Additional implicit contingent liabilities are derived from public sector debt guarantees, which constitute the hidden subsidies previously mentioned. These guarantees avoid tainting central government debt but generate moral hazards, such as the incentive to incur unsupportable levels of debt due to the guarantee of central government assistance should the debt become unserviceable. While these liabilities are subject to subnational government borrowing restrictions, current regulations (based on the 1991 Constitution and laws issued until 1997) are insufficient, allowing rapid growth of regional debt. Since 1997, borrowing has been limited to the payment capacity of the respective regional entity and thus associated with the generation of operational savings. However, the cost of bailing out regional governments is calculated to be 0.48 percent of GDP.
Judicial rulings against the state, which have been increasing over the past decade, are another source of contingent liabilities growing from 0.02 percent of GDP in 1990 to 0.3 percent in 1998. Since 1995 the majority of these rulings have been related to the infrastructure sector, though demands resulting from insufficient provision of social services (health and housing) have also risen dramatically recently.
When analyzing Colombian government net worth, proper calculation of public sector assets, such as oil reserves, is important (see Table 4). Verified oil reserves that belong to the state can be considered as income for the government.

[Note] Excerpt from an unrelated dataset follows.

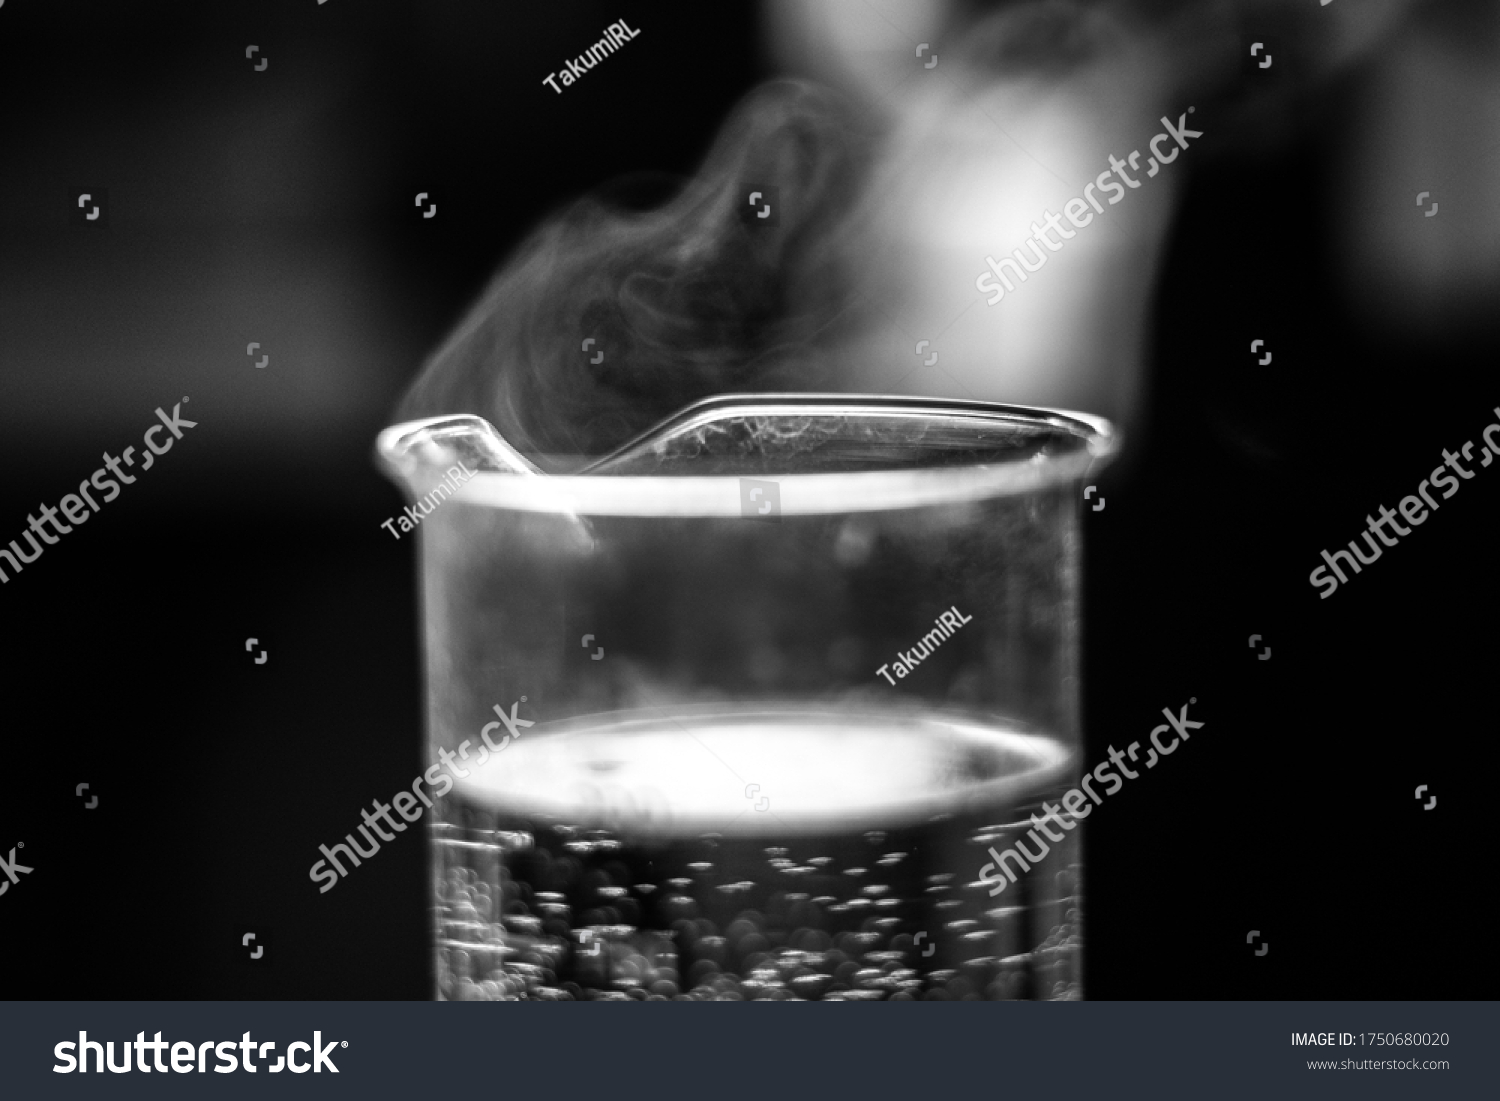 Water evaporation experiment on glass beaker black and white #1750680020
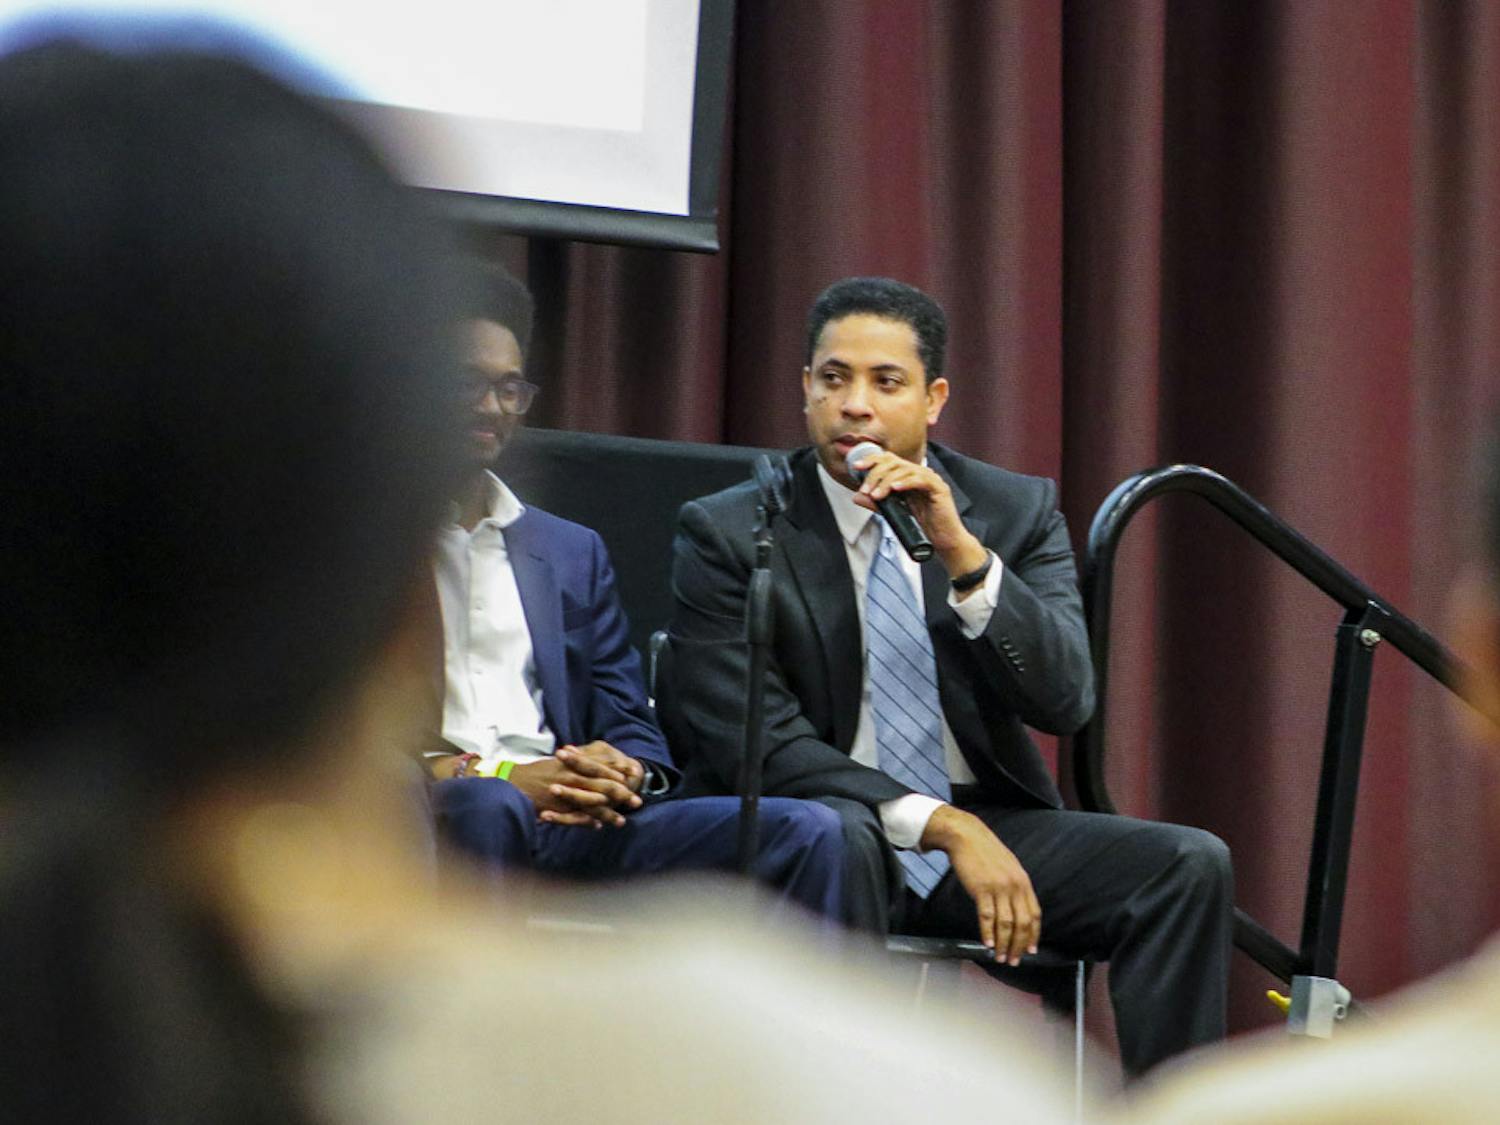 Harry Singleton, an adjunct professor in African American and Religious studies at USC, talks about the value diversity brings to the workspace during the Alpha Kappa Psi panel in the Russell House Ballroom on Feb. 20, 2023. Panel members touched on the benefits of diversity, and the benefits it brings to an organization.

Considering that they represent a volume three times greater than current reserves, and taking into account the terms of reference of the association contract with the state oil company (ECOPETROL), these reserves have a current value of 14.8 percent of GDP. Equally, coal and gas reserves generate a net present income equal to 12.1 and 9.2 percent, respectively, of GDP. The electromagnetic spectrum is also considered as a source of income, although dependent on licensing; under the current legal framework this resource will provide profits over the next ten years, with a net present value equal to 18.6 percent of GDP.
|TABLE 4: Positive Public Sector Contingencies|
|Contingencies||Billions of 1997 Pesos||Percent of GDP|
|Source: Echeverry and others (1999)|
This revaluation of assets results in a new total value that equals 162.3 percent of GDP, in contrast to the 140.5 percent reflected in the official balance. Government liabilities, on the other hand, increase from 78.2 percent of GDP to 251.7 percent, after the recalculation of pension and contingent liabilities. This translates into a deterioration of government net worth from 62.3 percent to –89.6 percent of GDP (see Table 2). Therefore such net worth should equal the present value of the future flow of fiscal surpluses in order for the transversality condition to be fulfilled.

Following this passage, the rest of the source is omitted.